WHAT IS REQUIRED
Transcribe nothing except the lines below that run from the one with "中国七月的阳光 建党百年诗歌朗诵配乐伴奏舞台演出LED背景大屏幕视频素材TV" to the one with "10周年記念!! TOKYU CARD", ends included, and do not copy any picture.

EXTRACTED RECORDS
===============
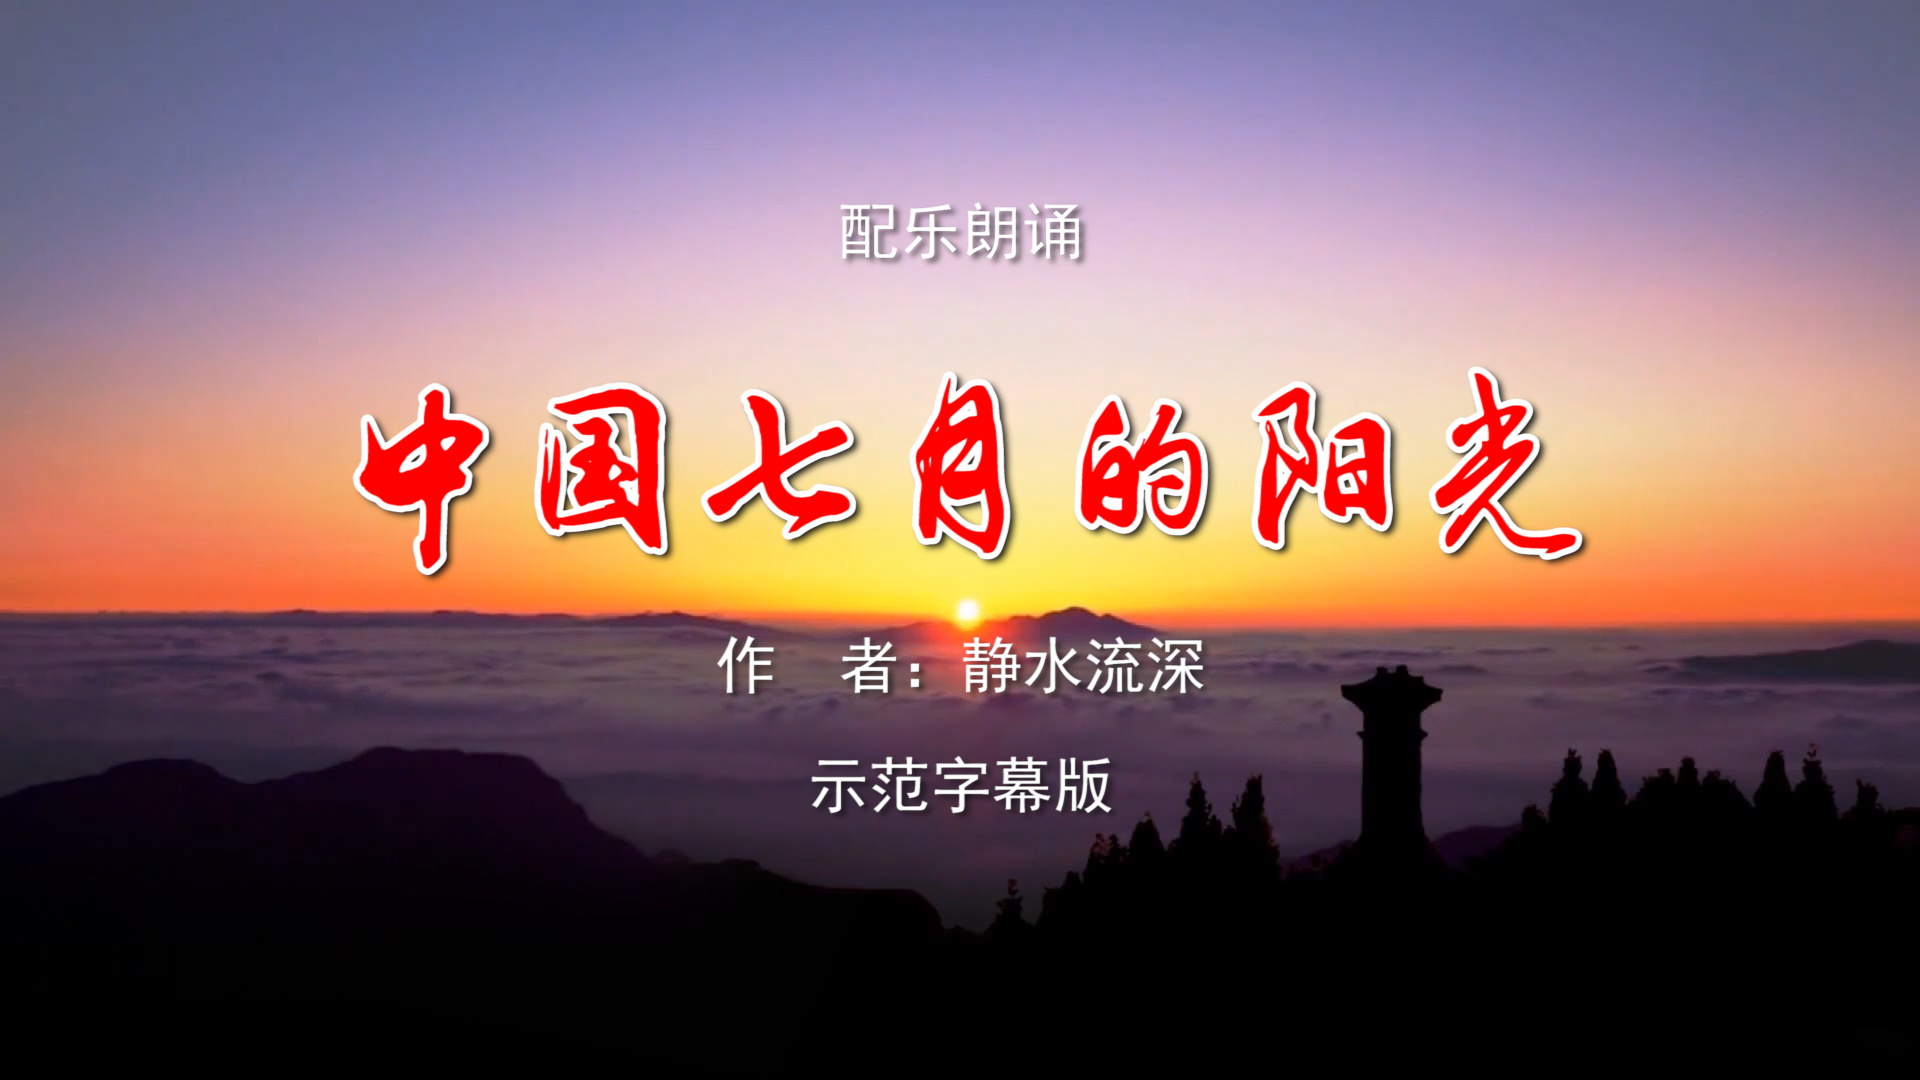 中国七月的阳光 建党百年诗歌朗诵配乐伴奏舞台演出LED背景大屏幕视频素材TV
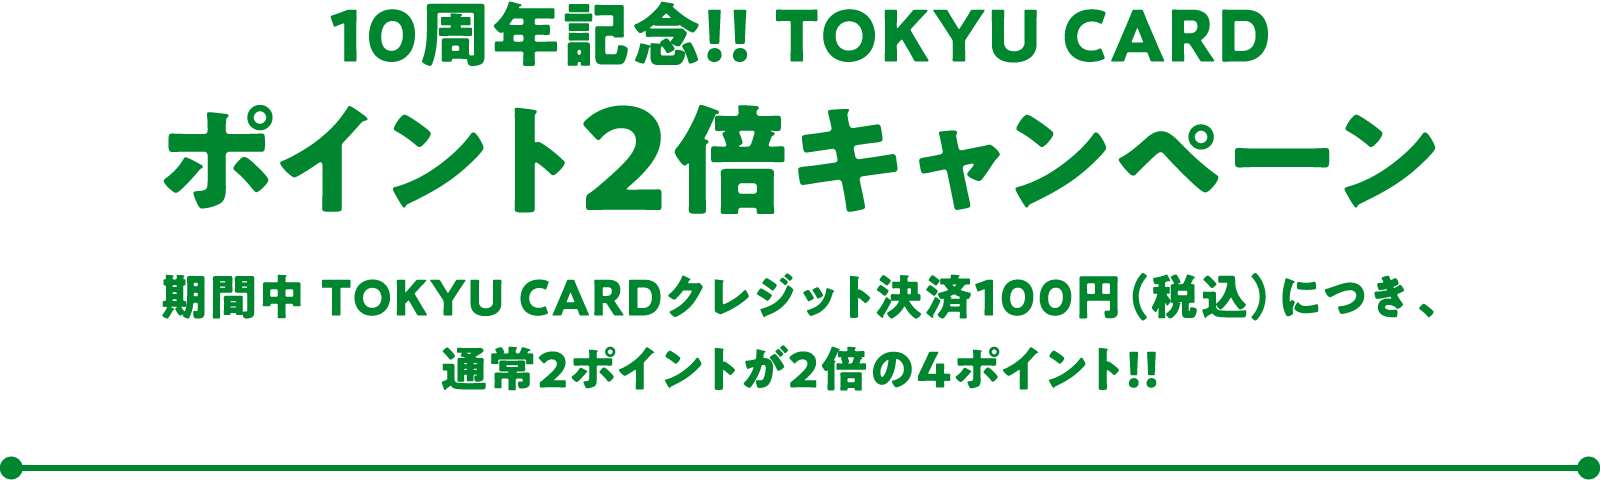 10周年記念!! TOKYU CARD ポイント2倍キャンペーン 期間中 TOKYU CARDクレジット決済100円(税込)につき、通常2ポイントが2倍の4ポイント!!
===============
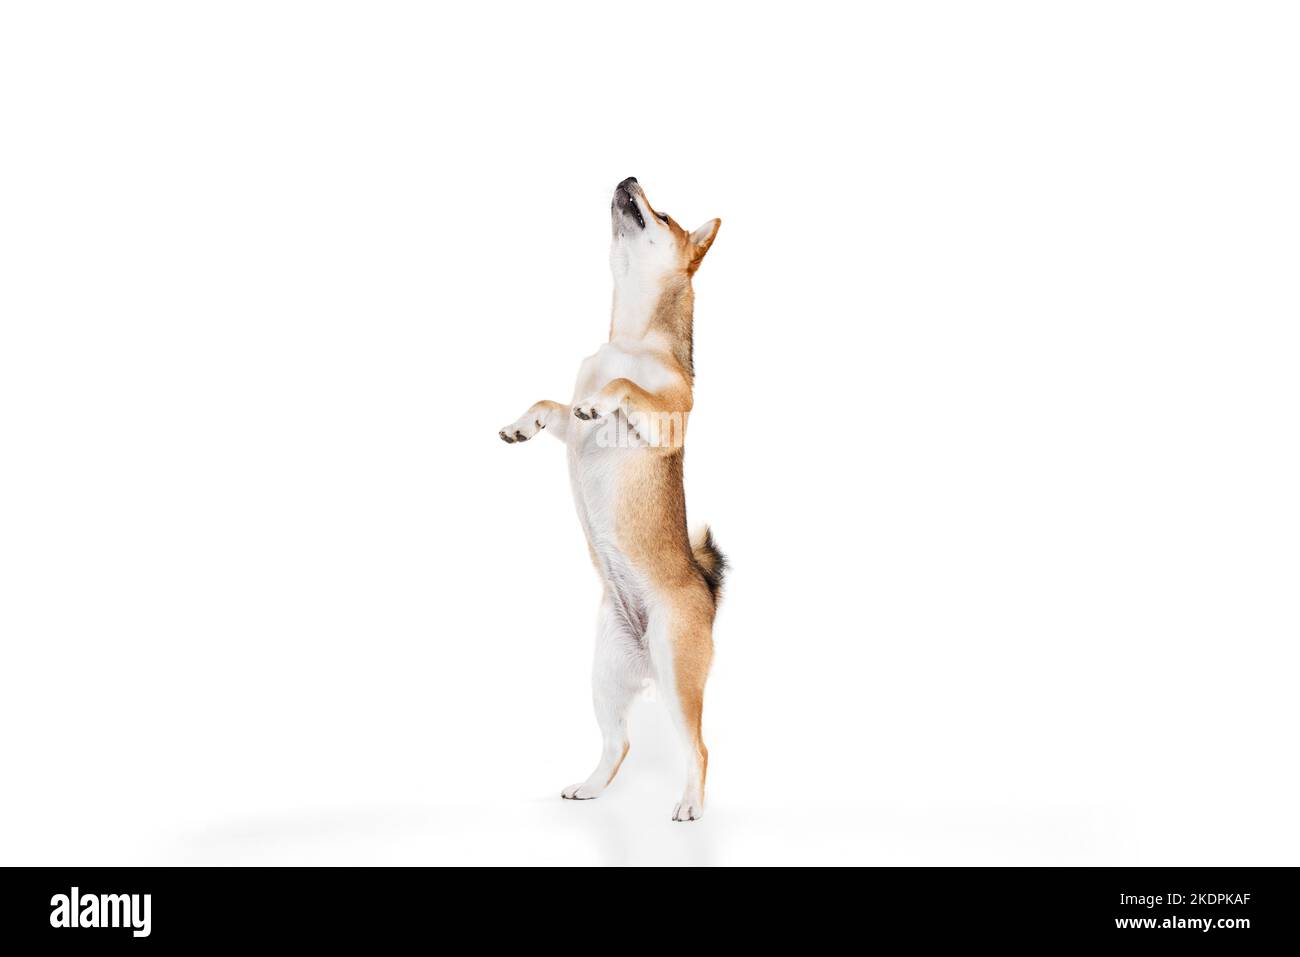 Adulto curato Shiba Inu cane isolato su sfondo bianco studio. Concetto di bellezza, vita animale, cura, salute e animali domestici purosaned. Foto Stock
===============
EXERCISE OUTPUT
 中国七月的阳光 建党百年诗歌朗诵配乐伴奏舞台演出LED背景大屏幕视频素材TV
 10周年記念!! TOKYU CARD ポイント2倍キャンペーン 期間中 TOKYU CARDクレジット決済100円(税込)につき、通常2ポイントが2倍の4ポイント!!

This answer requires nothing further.